Einige Ihrer Bücher sind auch Schullektüre. Können solche Bücher, die in der Schule behandelt werden, einen besonderen Einfluss haben und erwächst daraus auch eine spezielle Verantwortung?
Potenziell können sie einen großen Einfluss haben; das hängt allerdings davon ab, was der Lehrer einfordert oder wie er es darstellt. Denn wenn er das Buch gefühllos darstellt, kann er auch keine Gefühle wecken, dann kriegt er vom Schüler seinen Interpretationsaufsatz und fertig. Aber gerade Anne Frank hat immer eine große Rolle gespielt – und zwar nicht deswegen, weil sie ein jüdisches Mädchen ist, sondern weil es ein Pubertätsbuch ist. Wenn ein Erwachsener über Pubertät schreibt – die eigene oder eine fiktive – dann ist es immer gefiltert durch das, was diese Person später gehört und gelesen hat.
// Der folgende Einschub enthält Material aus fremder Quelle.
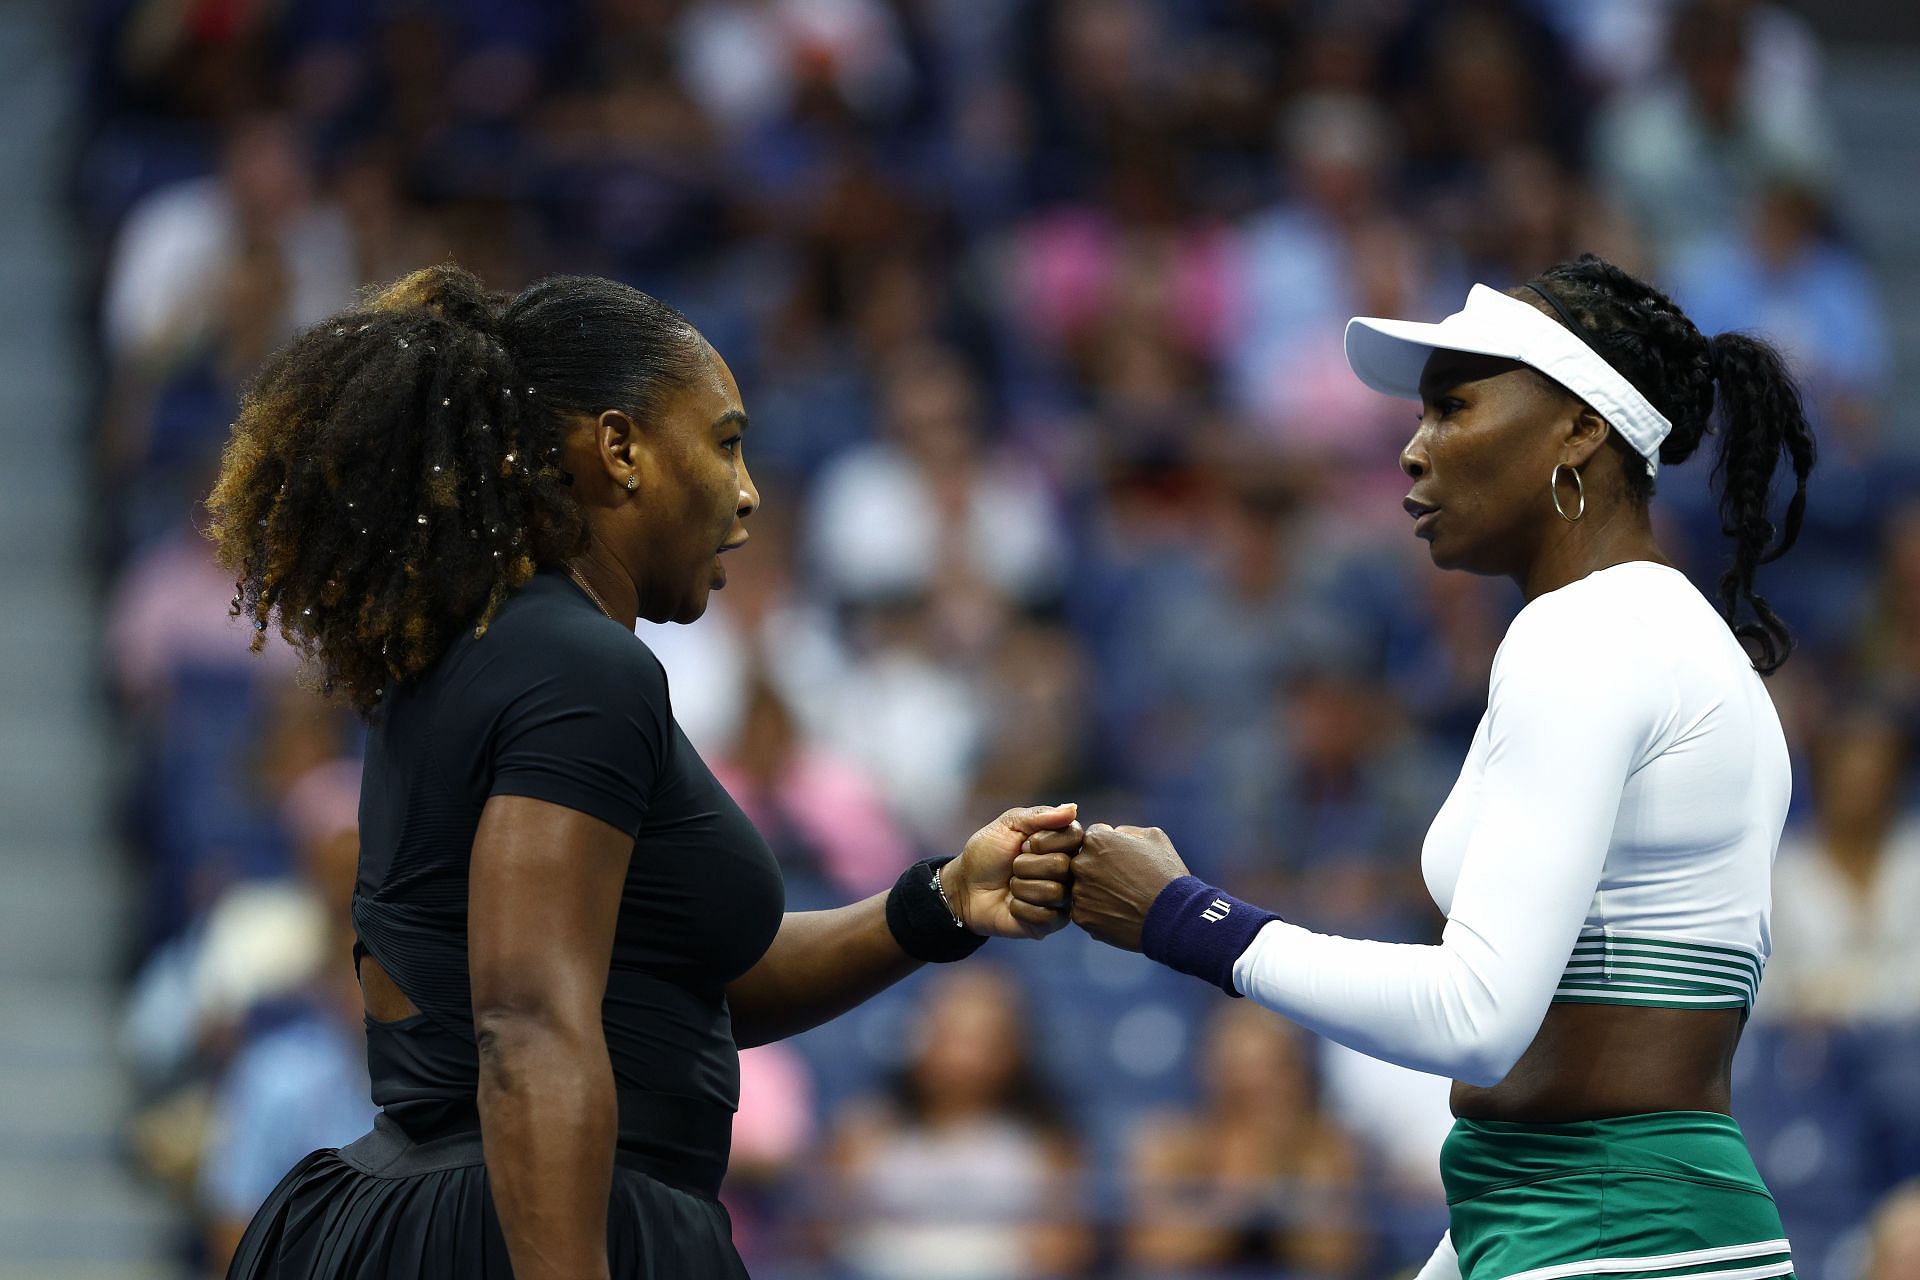 The Williams sisters at the 2022 US Open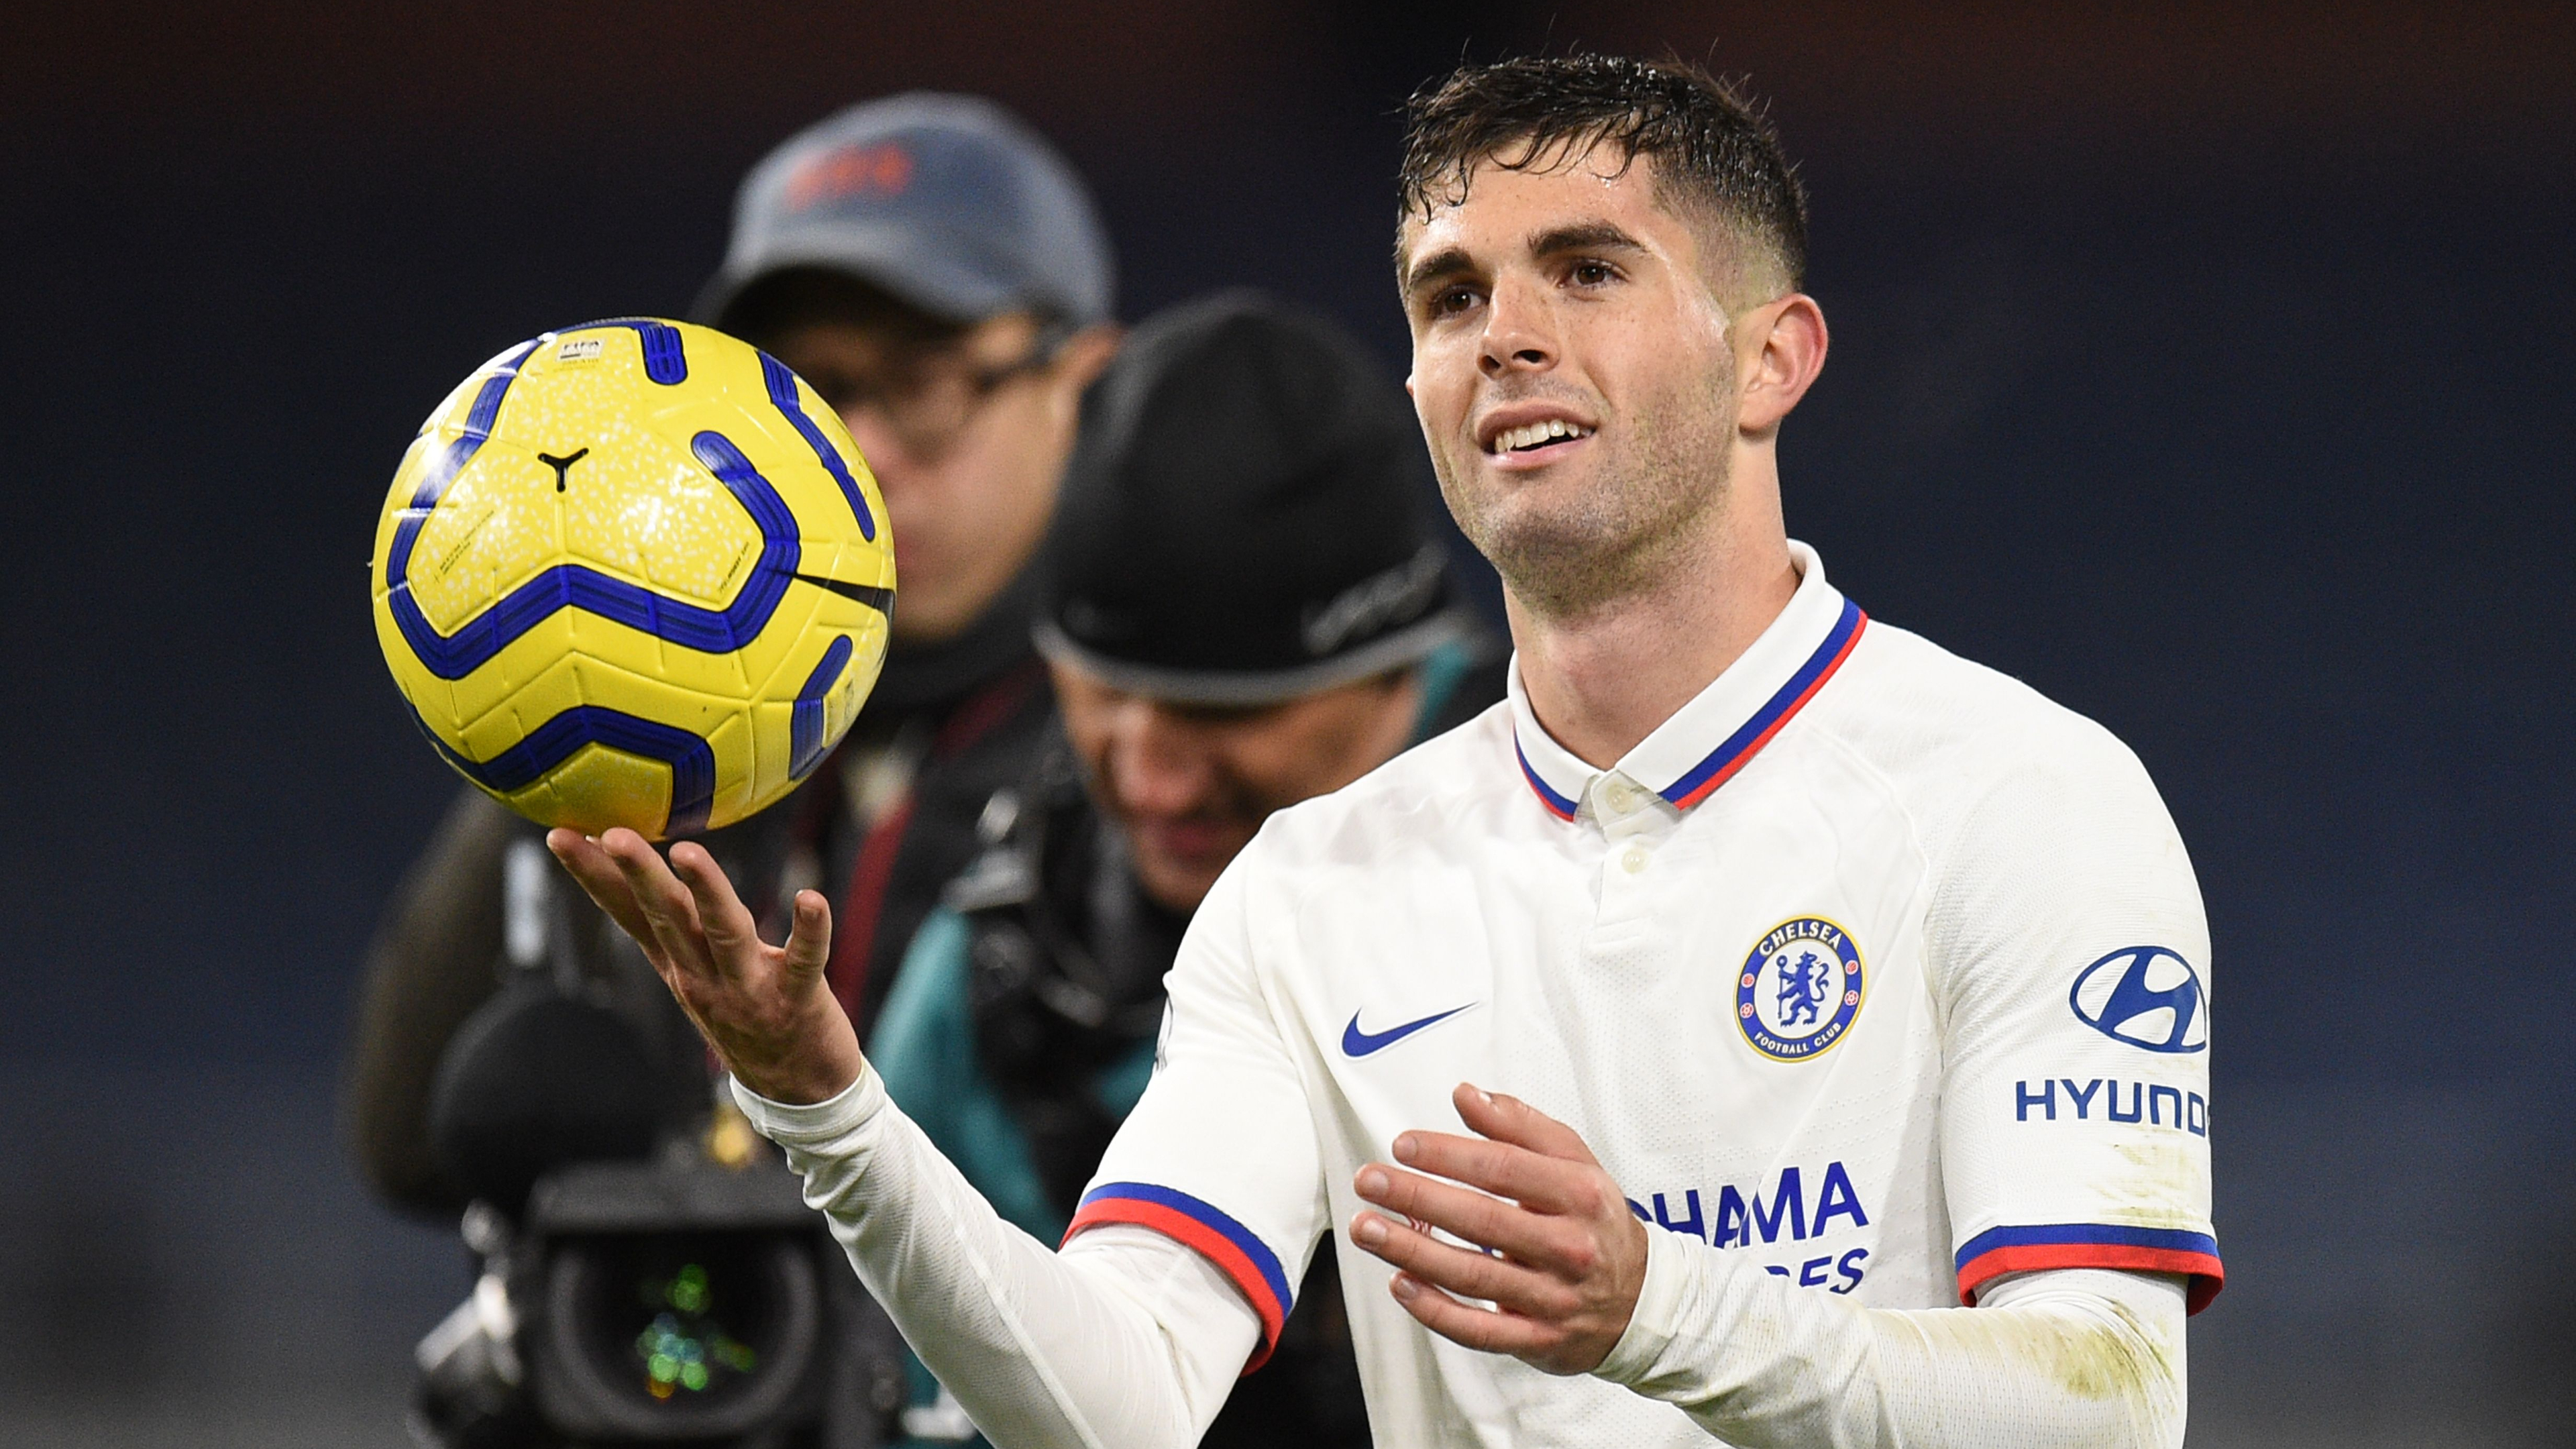 Hat-trick hero Pulisic will become Chelsea's prized asset, says Nevin

Anne Frank hingegen hatte keine Zeit, im Nachgang irgendetwas zu ändern. So eine ungekünstelte, offene Art der Pubertätsbeschreibung kennen wir sonst nicht – und ich glaube, das merken die Jugendlichen auch heute noch. Denn im Grunde passiert in dem Tagebuch ja eigentlich nichts. Anne hat es geschafft, sich aus dem Nichts eine ganze Welt zu schaffen, und das hat etwas mit ihrer Schreibwut zu tun, mit der Angewiesenheit auf sich selbst – und damit, dass sie unbedingt eine Liebesgeschichte erleben wollte. Es gab ja nur einen Jungen dort, also war es keine wirkliche Liebesgeschichte. Aber in Annes Kopf war es eine.
Was ich allerdings bei der schulischen Auseinandersetzung mit Anne Frank sehr fraglich finde ist, dass es aufhört mit dem Satz „Hier endet Annes Tagebuch“. Dann wird gegenüber den Schülern in der Regel noch erwähnt, dass Anne umgekommen ist, aber nicht mehr wirklich. Die Zeit, die sie danach noch gelebt hat, wird nicht mehr wirklich thematisiert. Das finde ich ein bisschen schade. Dann haben die Lehrer und die Schüler das Gefühl, sie haben etwas über das Dritte Reich gemacht –aber im Grunde ist das nicht so, denn mit dem Ende des Tagebuchs fängt für Anne das Dritte Reich eigentlich erst an.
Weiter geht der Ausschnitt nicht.